Of what value is a post as unhappy as this in a world that sits as precariously as it does at this moment? Even as across the globe the strongman populist politics of fear and rage work to sever ties we spent the better half of the 20th century working to create, that might all be small potatoes compared with what they say is already the irrevocable environmental damage we have wrought and the unbearable extreme weather to come. So what of my little grief in this greater world? Who needs to hear this?

Well …

I had a pretty cushy teaching job in Japan in my late 20s and early 30s. On returning to a university teaching world (speaking of precarious) where I don’t get a day’s paid vacation, never mind sick days, where summers off teaching is a thing only for the tenured, friends were baffled as to why I left a university gig at a prestigious private university in Kyoto that paid me for five months of paid vacation. That’s not a typo. Five months, not weeks. The answer as to why I left was very simple: community. Beyond Ai and a best friend who returned to his home country after our first two years in Osaka, I never had much of one there. My community was here, in Toronto.

That’s the only way I can explain why this very diary-like blog post (that I wavered about posting for some days) gets put up at all. Because I’m one who believes in sharing. As a practice. As a very human need.

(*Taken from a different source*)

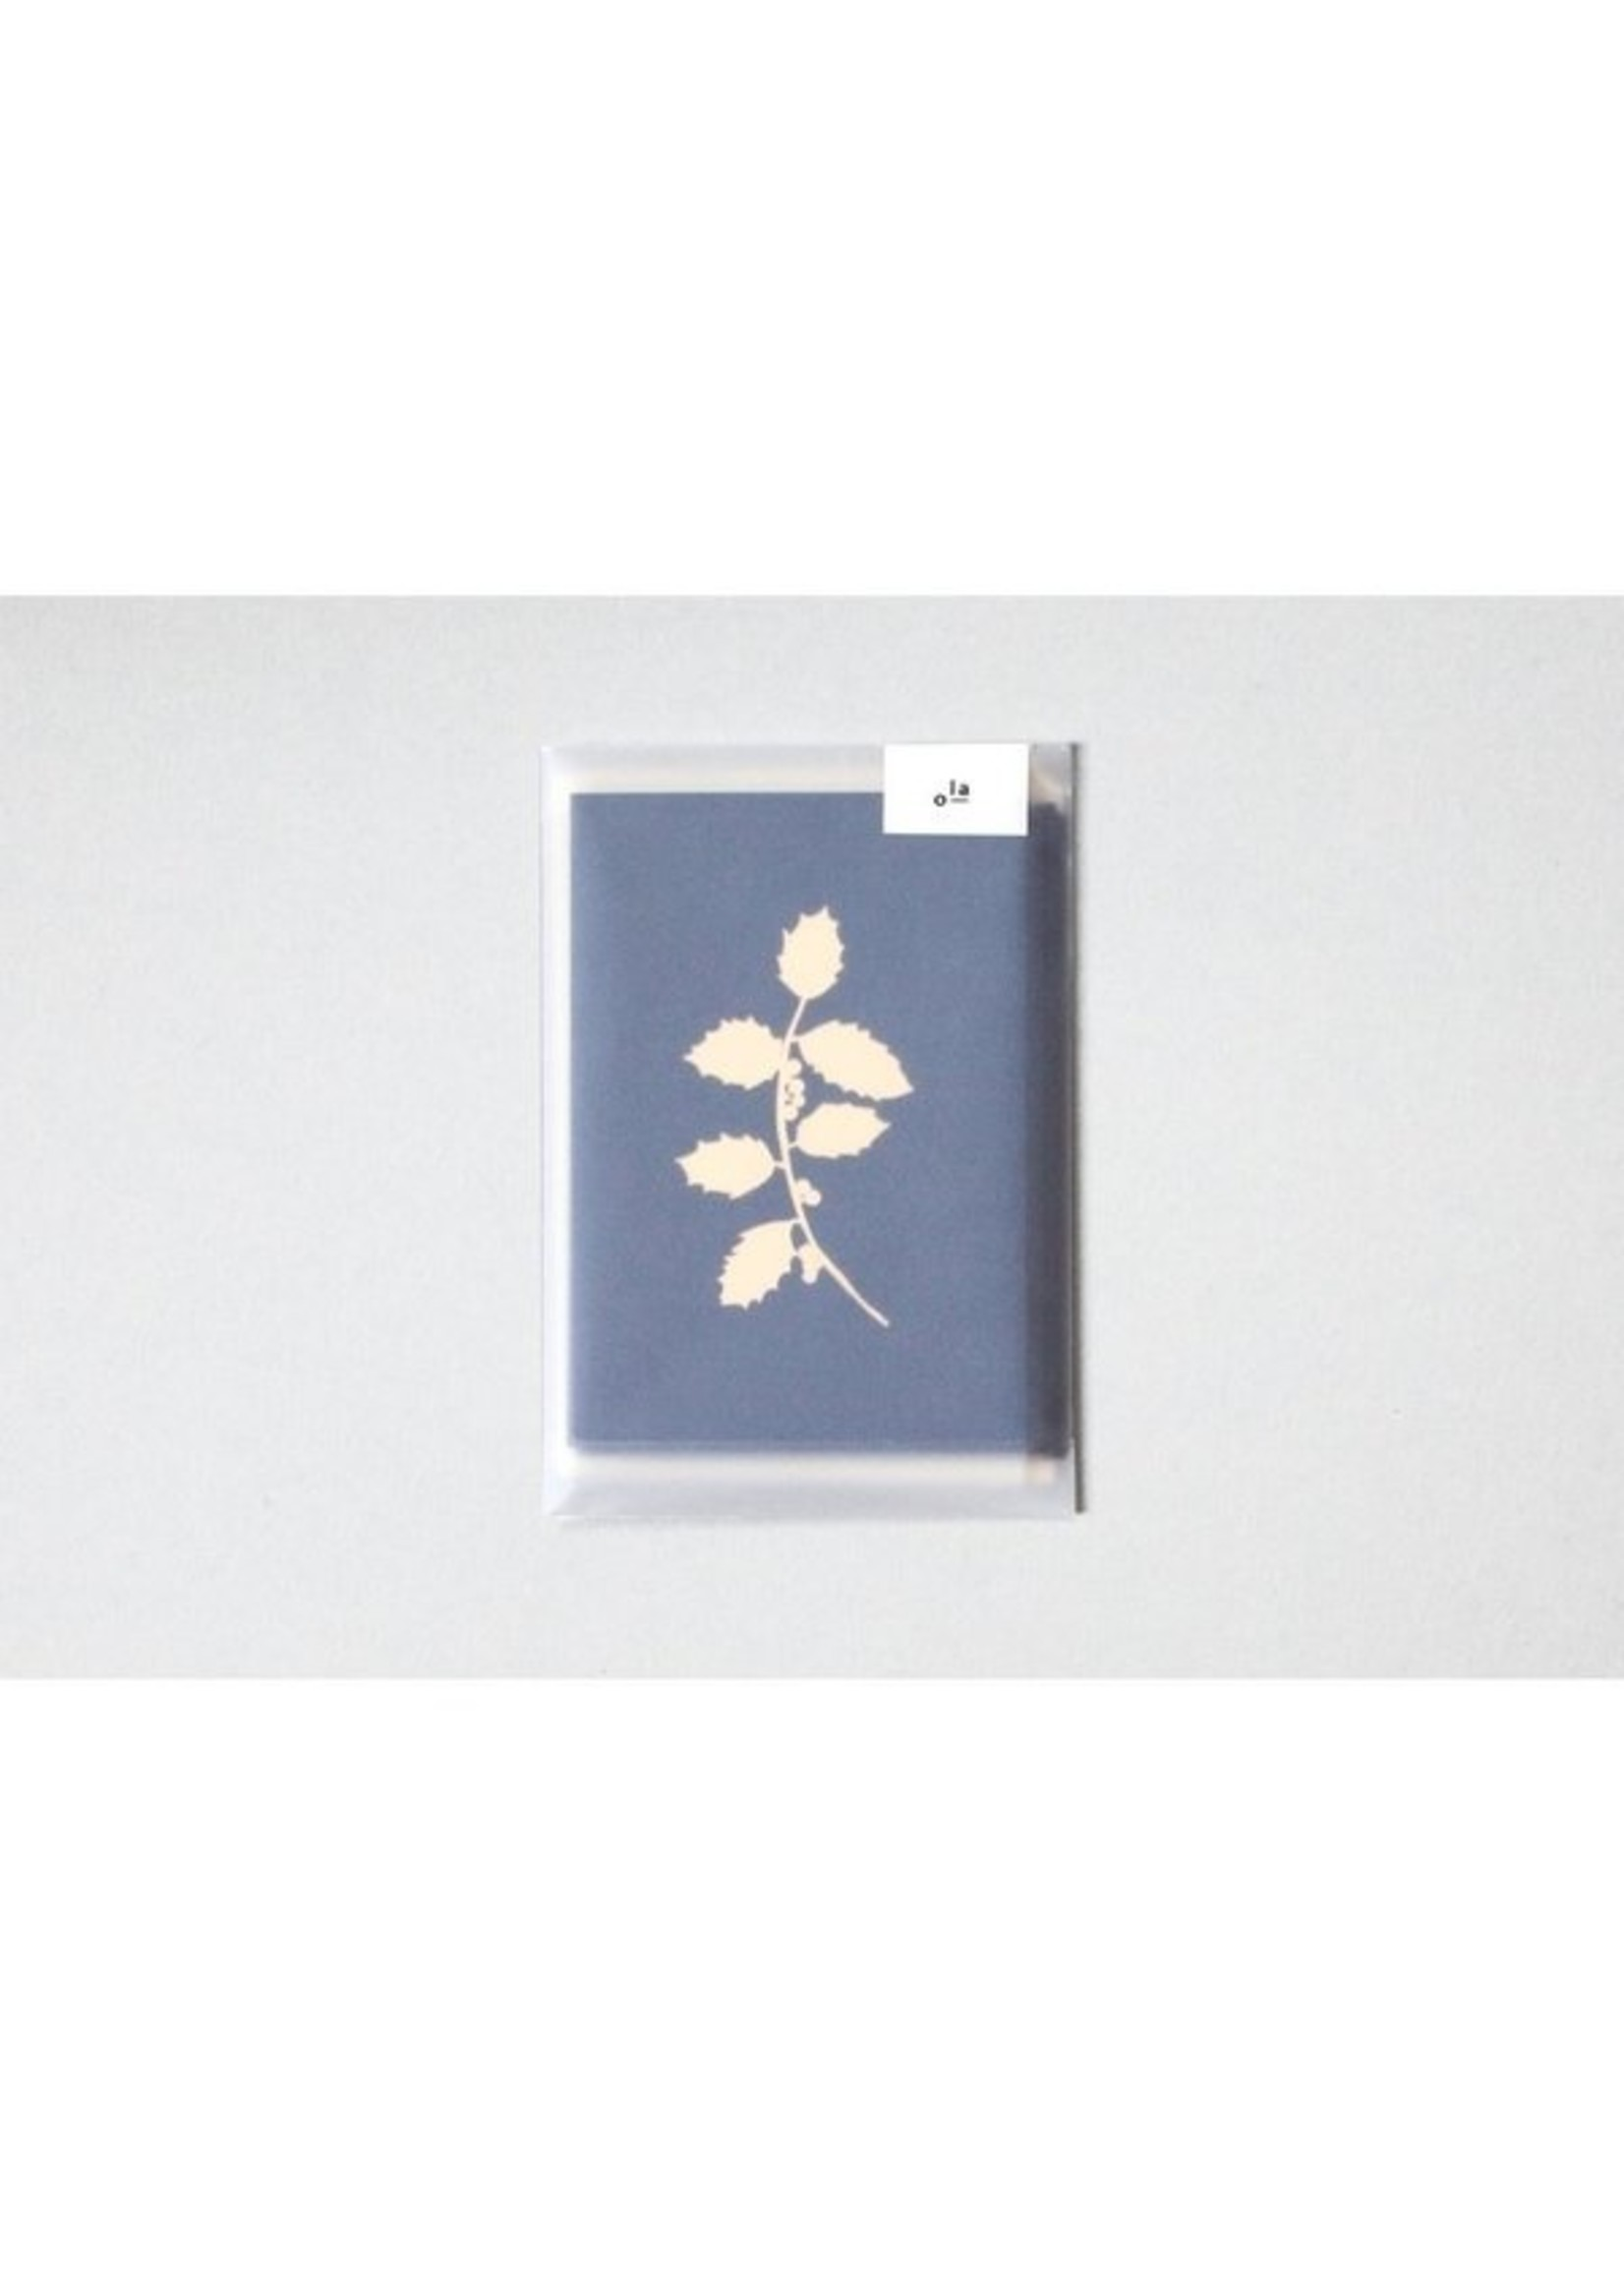 Ola Ola Foil Blocked Cards: Holly Print Pack of 6

A study of PTSD with combat soldiers, a comparison I heard about on CBC radio (“The Current” maybe?), looked at soldiers in the US coming back from the war in the Gulf (and other horrific conflicts), to Israeli soldiers who’d been in bloody battles far closer to home that were as bad or worse. In both cases they were looking at men who had been in serious combat, men who returned home with severe PTSD. A fundamental difference emerged over time. In the long-run, the Israeli soldiers, by and large, showed no serious trauma at all, while the Americans continued to suffer years, even decades later, many never recovering from their PTSD at all. The difference? Community. Pain shared is pain being dealt with is pain eventually, hopefully, possibly, eradicated.

Like I said earlier, the novels I love are either those from which I can receive comfort, or those I can commiserate with. This post would obviously be of the latter variety.

Thus I put this up for anyone who has loved and lost. As confoundedly bizarre as grief’s symptoms can manifest, just know, you aren’t alone.